Page:Revue des Deux Mondes - 1869 - tome 81.djvu/888

La bibliothèque libre.
Le texte de cette page a été corrigé et est conforme au fac-similé.

C’était introduire trop de sagesse dans une œuvre de passion ; aussi fut-il passé outre. Dans une assemblée convoquée extraordinairement, un tarif exorbitant sut voté à une majorité considérable. Le nombre cause de ces ivresses ; il étouffait ici la conscience non-seulement du mal qu’on allait faire à autrui, mais du mal qu’on allait se faire à soi-même. L’industrie des imprimeurs n’était point à même de supporter le surcroît de charges qu’on lui infligeait : pour certains travaux, c’était un arrêt d’émigration ; pour d’autres, c’était une existence végétative. La moins sombre perspective pour la profession était un dépérissement sur place, une clientèle diminuée de tout ce que la concurrence étrangère allait lui enlever. De tels scrupules ne touchent jamais ceux qu’aveugle un intérêt étroit.

Dans les premiers mois de 1869, l’instrument de guerre était prêt, un pacte avait été conclu contre les maîtres imprimeurs et presque à leur insu. Il fallait pourtant leur en signifier les conditions. On leur donna trois jours pour une acceptation pure et simple, sans débat préalable.
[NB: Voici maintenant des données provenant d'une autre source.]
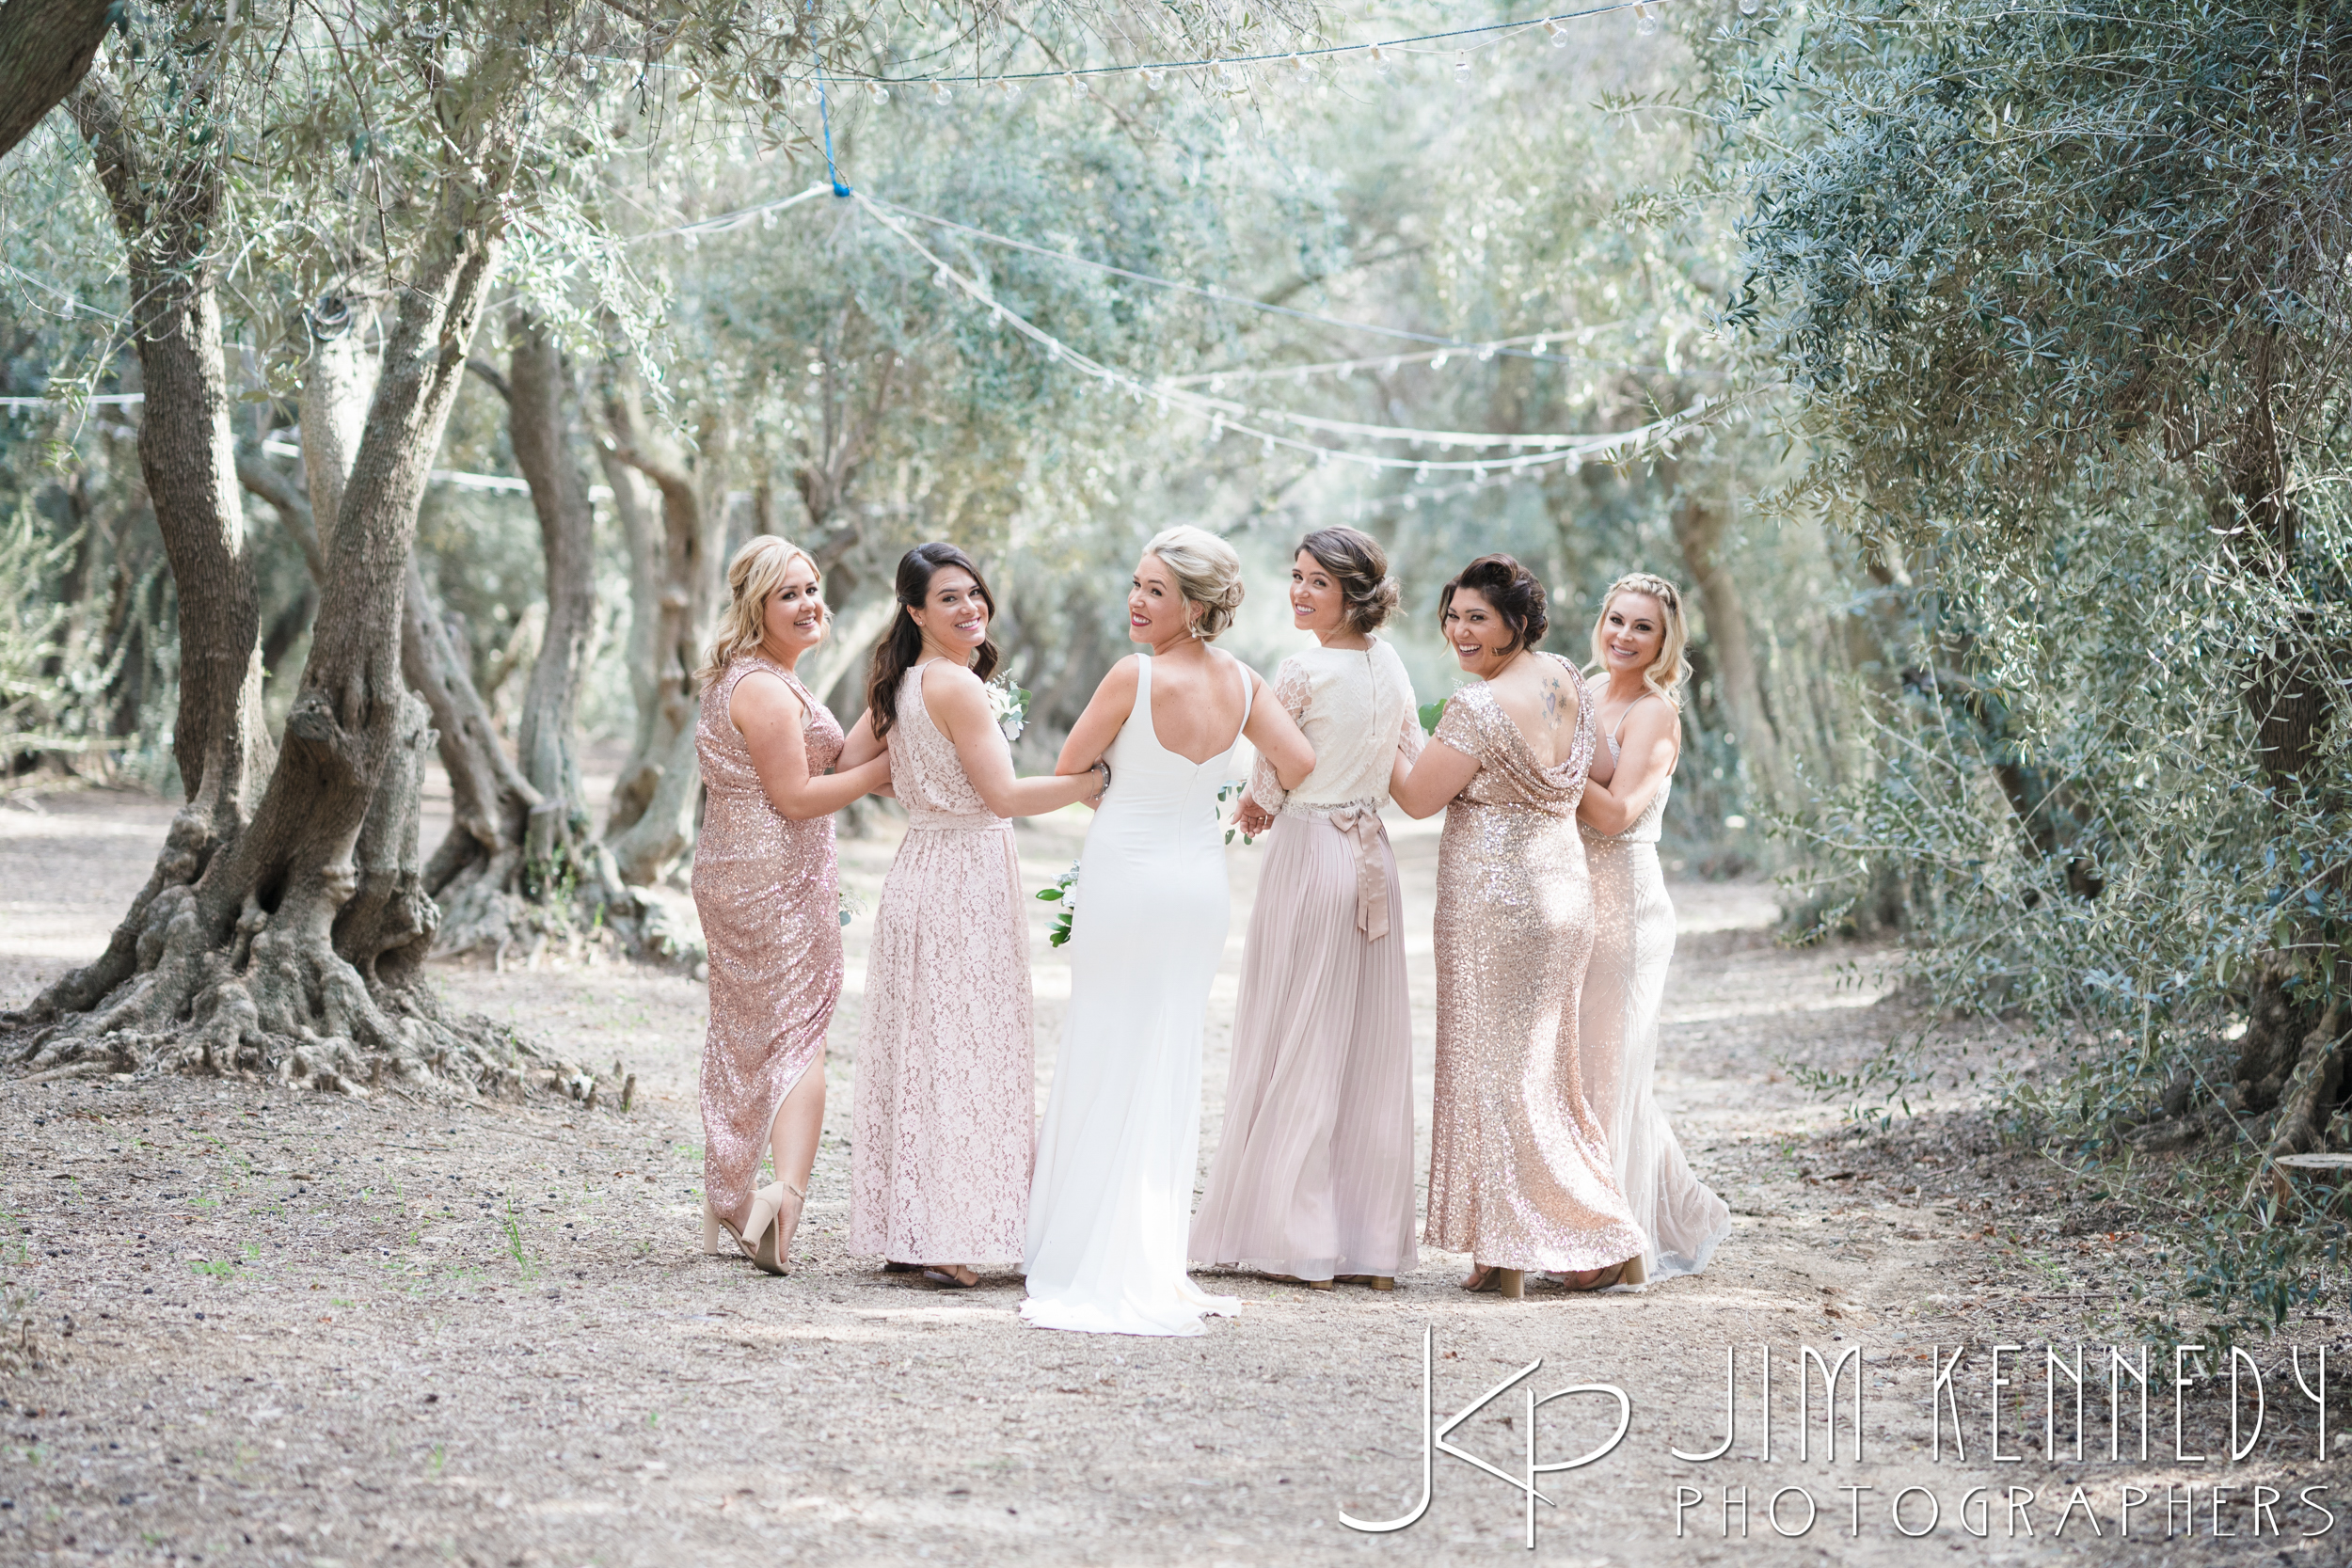 jim_kennedy_photographers_highland_springs_wedding_caitlyn_0073.jpg

Ce délai passé, le nouveau tarif devenait une sorte de loi martiale ; tout atelier où l’on ne s’y conformerait pas serait mis au ban. En vain y eut-il de la part des chefs d’industrie, appuyés d’un certain nombre d’ouvriers dissidens, une demande de sursis pour un examen contradictoire et une enquête faite en commun ; les meneurs de grève en étaient arrivés à ce degré d’impatience qu’un succès les eût moins satisfais qu’une rupture. La rupture eut donc lieu avec éclat. Le 21 mars, un dimanche, Genève en s’éveillant put lire sur ses murs un échantillon de plus des prouesses de l’Association internationale. C’était un manifeste qui frappait d’interdit les ateliers d’imprimerie et convoquait pour le lendemain les vingt-cinq sections de l’association, à l’effet d’entendre les explications du comité d’initiative. Comme avant-goût de ces explications, le manifeste ajoutait : « La permanence est établie au café Maréchal. — Les noms des ouvriers qui auront trahi leur cause seront affichés sur les murs. » Dans tout cela, point d’équivoque ; c’était dire aux vaincus : Payez rançon et sans marchander ; c’est nous qui tenons les plateaux de la balance. — Il fallut pourtant en rabattre ; le terrain se prêtait mal à une tyrannie aussi cavalière : chacun sentait qu’il y avait là comme une sorte de main mise sur la publicité, et qu’à côté du préjudice matériel pour quelques-uns ils y avait pour tous un préjudice moral. La fierté de chaque citoyen se soulevait d’ailleurs à l’idée qu’en pleine république un pareil langage fût tenu, de telles menaces fussent proférés, au mépris du droit commun et de la liberté individuelle. Coup sur coup, les protestations se succédèrent.